Он хотел прибавить: "Позвольте мне завезти вам завтра мою брошюру", – но не сказал больше ничего.
Гаярин сидел нервный и злой. Он страдал всего сильнее оттого, что считался в одном хоре с этим Вершининым, которого он презирал, не хотел показать графу, что принял его слова на свой счет, и не находил нужным возражать в направлении, приятном остальным господам, бывшим в кабинете.
– Значит, вы, граф, против нового проекта? – спросил хозяин, сохранивший тон фрондера, которому, в сущности, решительно все равно, только бы шли его дела без запинки и он находил в высших сферах влиятельную поддержку.
– На это позволь мне ничего не ответить… Проект еще не поступил на обсуждение.
И он взглядом добавил: "Пора бы, любезный, иметь побольше такта".

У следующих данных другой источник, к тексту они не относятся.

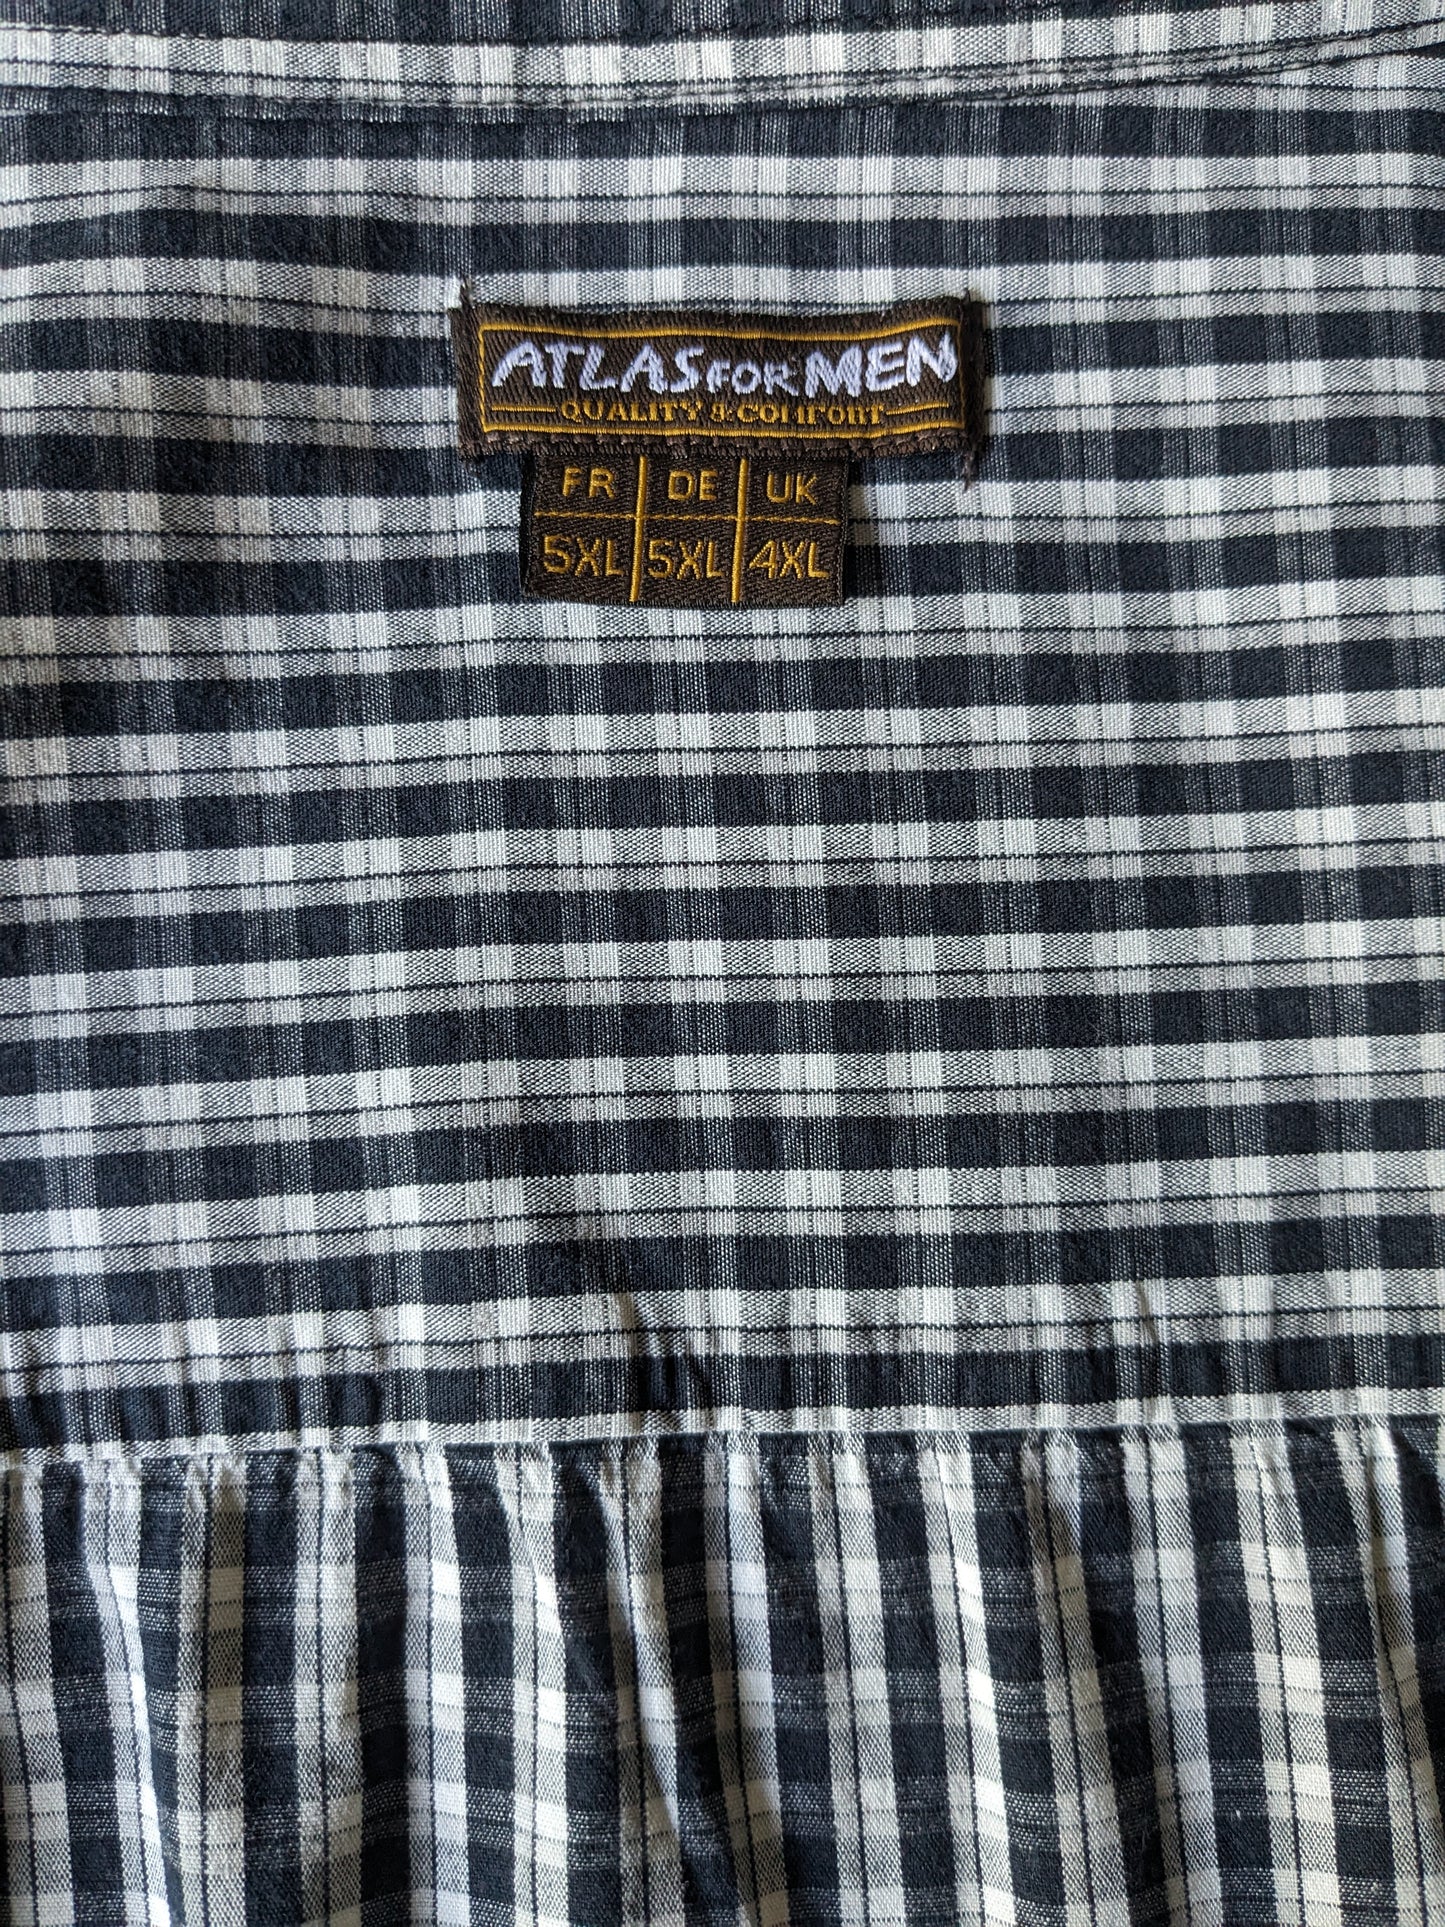 Atlas for Men Shirt. Beige Black controllato. Dimensione 5xl / xxxxxl.

Вслед за тем граф поднялся, оправил сюртук и сделал общий поклон перед тем, как выйти.
– Спорить с вами, господа, я не хотел. Но то, что я сказал здесь, я повторяю везде и считаю это своим долгом… Никакой подъем немыслим, если вот здесь ничего нет.
И он приложился рукой к левой стороне груди.
– Торопитесь? – спросил его хозяин.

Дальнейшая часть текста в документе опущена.